Nothing compares to first love. I’m not talking about the kind where you’re old enough to understand, rationalise, and have it reciprocated, or the first relationship you’re in. I mean the first brush with love— of experiencing the unadulterated, intense feelings of adoration and liking towards someone else— an Other. It was a time when the lines between liking and loving could afford to be blurred, and the conflation harmed nobody. First loves or crushes were such an important part of my childhood. It hardly mattered that it was unrequited; it mattered only that it was felt. In and of itself, the very act of having a crush was an initiation into a new bodily feeling: a newness that took someone other than somebody otherwise safe and familiar as capable of staking claim over your heart and attention.
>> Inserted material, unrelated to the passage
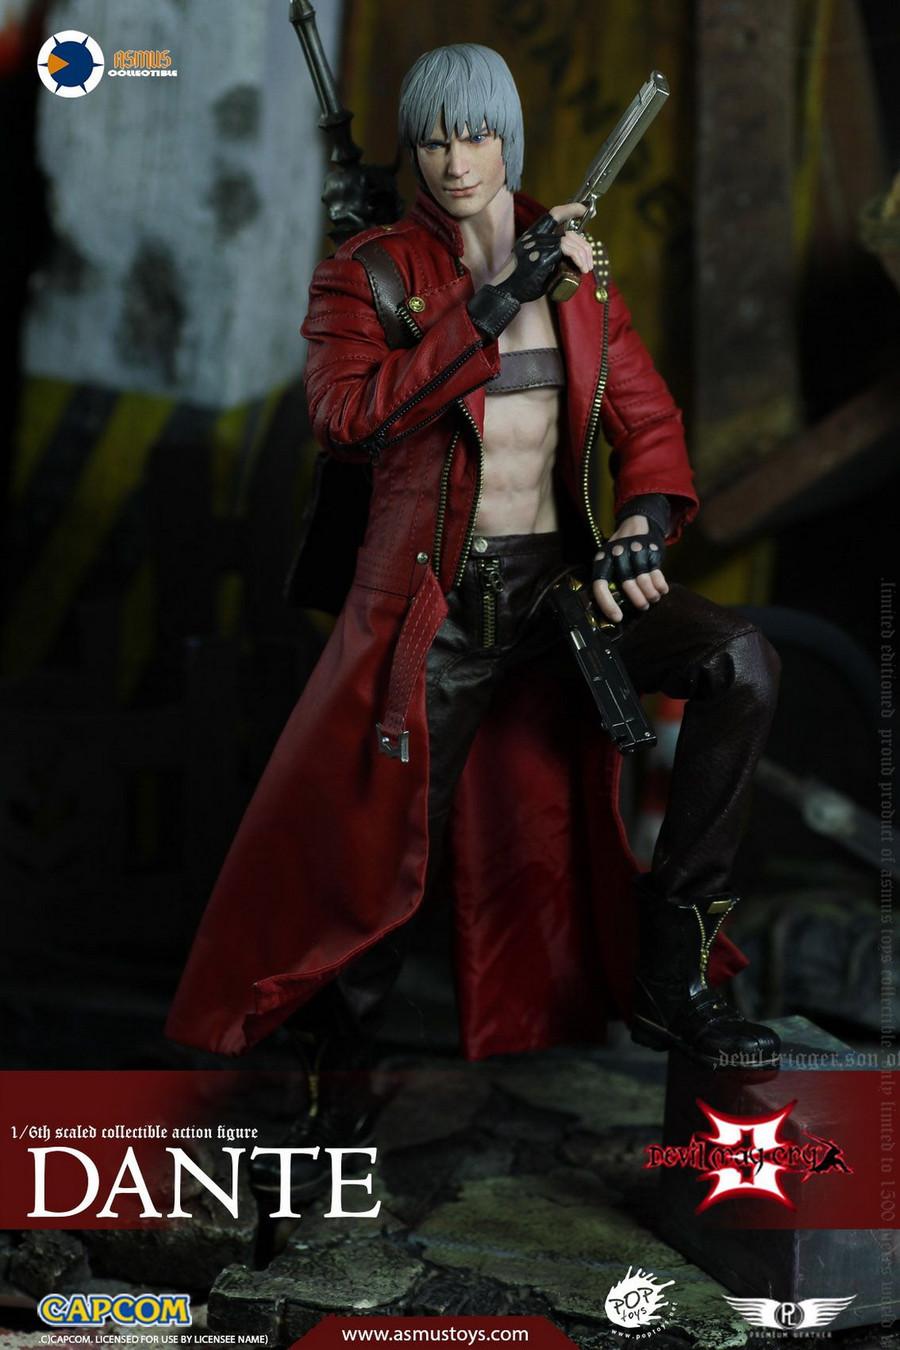 Asmus Toys - The Devil May Cry Series: Dante DMC III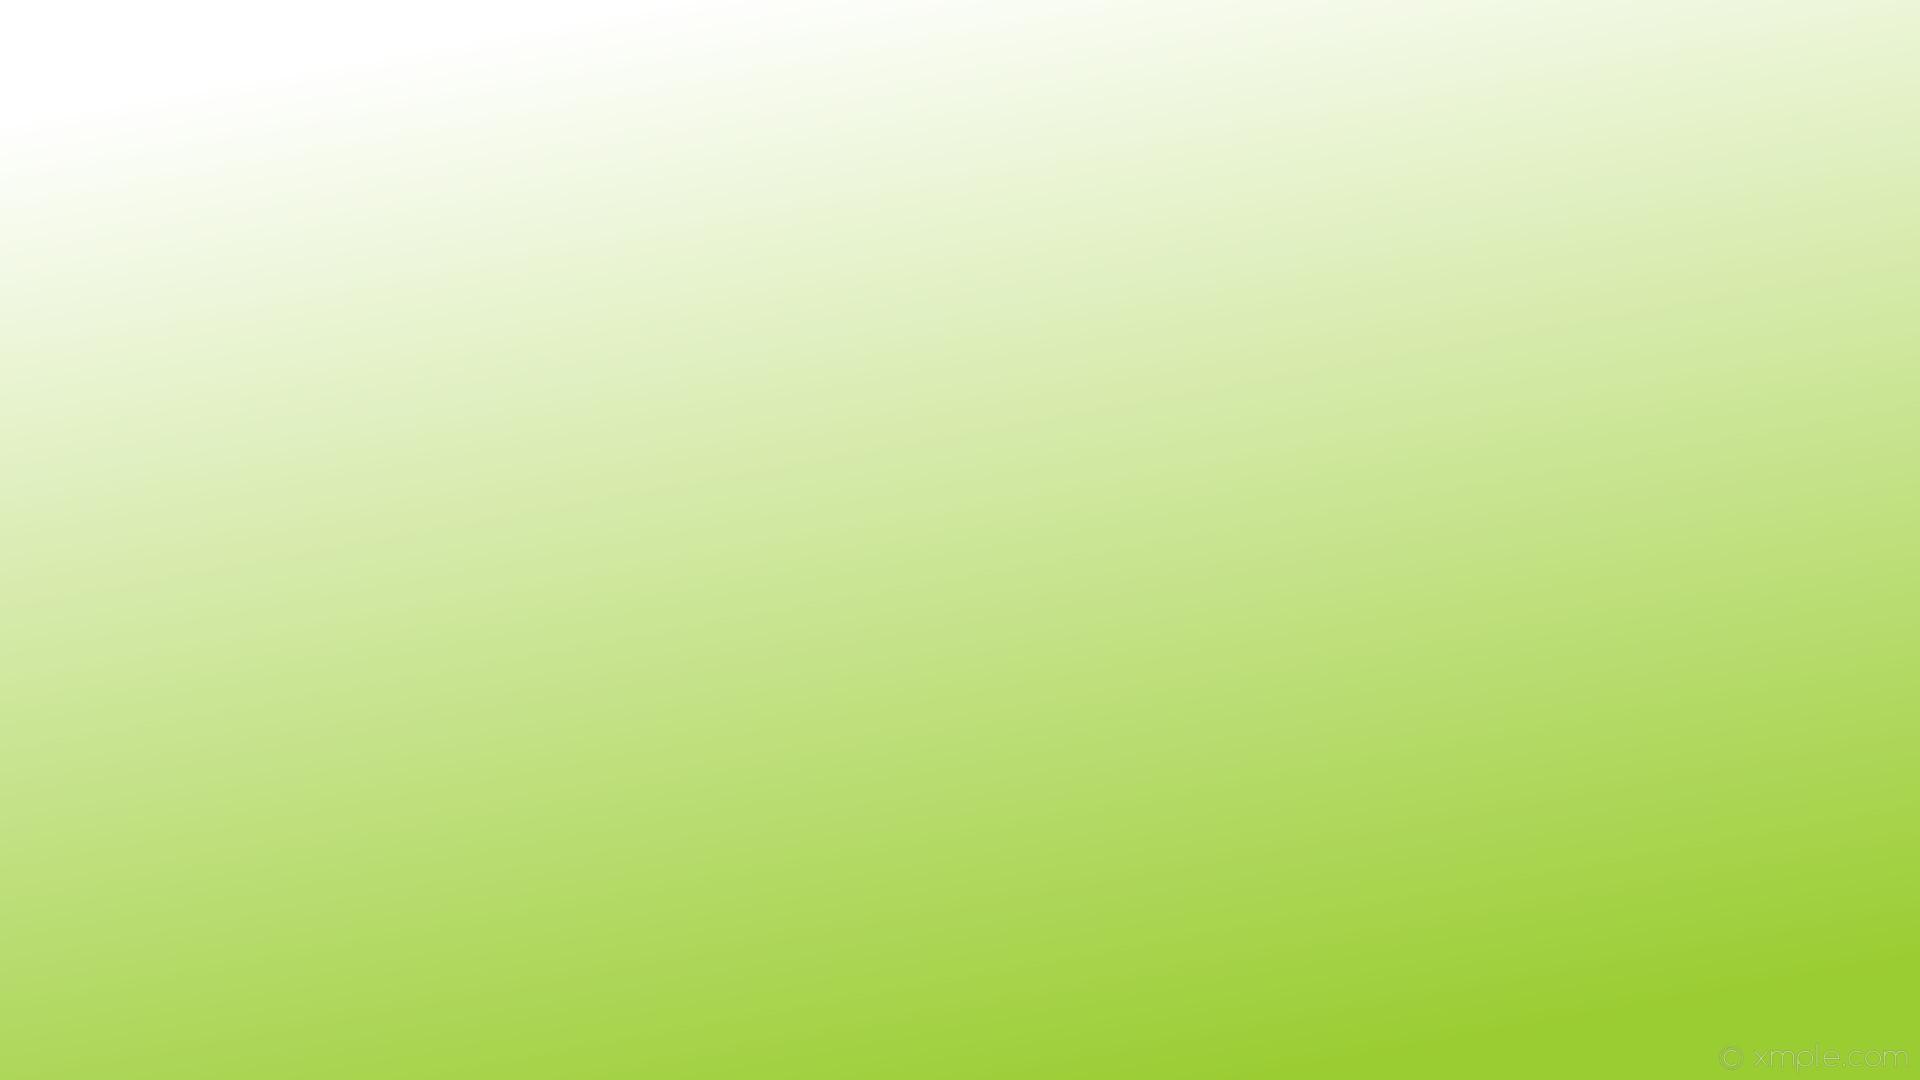 wallpaper linear green gradient white yellow green #9acd32 #ffffff 300°

I spent most of my childhood falling in love with my first crush many times over. It began when we were barely four or five years old. We were in the same school but had vastly different circles (i.e., our mothers weren’t friends). I don’t recall when or how I met him. All that I can remember vividly was that it first began around the time we ran out the back entrance of the auditorium towards our main quadrangle with my hand in his, and wishing that the moment would last forever. I watched myself growing deeply fond of him, memorising his landline number, and finding the silliest reasons to call him. I watched myself feel shy as I would inevitably end up speaking to his parents (who would answer my call), or when people uttered his name—as if it belonged to me and my lips alone. I watched as he began liking someone else from our class in a circle time activity when we all sat down to share stories and he couldn’t take his eyes off of her. I watched us move into different classes, and noticed him changing. Soon after, I watched him grow into someone I could no longer like, let alone love.

I write about longing because I love love. I write about longing because, at some level, it is precisely what loving is all about (although, my journal entry from a few months ago reminds me that there might be a distinction not only between loving and liking, but also between love and attachment). Longing is such a bodily experience that I think language can hardly cover it. Longing is not merely the lyrics, but the composition of rhythm—the chords or the raag/raaga— that elevates a sentiment from being two dimensional to forming a pit in our stomachs. It is not merely dialogue, but expression, tension, and silence in between them that makes the impossibility of a thing that is so deeply desired palpable. I write about longing because, as a student of dance, it is possibly one of my favourite kinds of pieces to witness unfolding.
So far, one of my favourite Varnams (a central piece in Bharatanatyam combining pure dance, i.e., nritta, and expression, i.e., abhinaya, and is often a declaration of love or devotion) is the Charukesi varnam. It’s a lamentation by a nayika seeking out her beloved (Lord Krishna). She expresses her frustration at how he torments her and pretends as if he doesn’t know what unfolds in her mind. She implores him to rid her of her suffering and to end her long-held longing by showing himself once again. While the lyrics, of course, resonate, it is, instead, the entire composition that instantly invokes that same feelings of longing—now, or back in circle time, two decades ago.
I watched a performance by a stunning Artist, Meenakshi Srinivasan, earlier this evening, whose repertoire comprised pieces on Lord Krishna. Naturally, I waited in the dark for a piece on a nayika expressing her intense love for him and yearning to be held. In a surprising turn of events, she did something different. This time, the Padam (an expressive piece) was one where Lord Krishna found himself feeling distraught in a nayika’s absence. He turns to a painting he had made of himself and his lover entwined, but points out how none of the features in the painting— her eyes, her lips, or the lines on her neck— can adequately capture her glance, the sweetness of honey on her tongue, or the warmth of her embrace, that he thoroughly misses.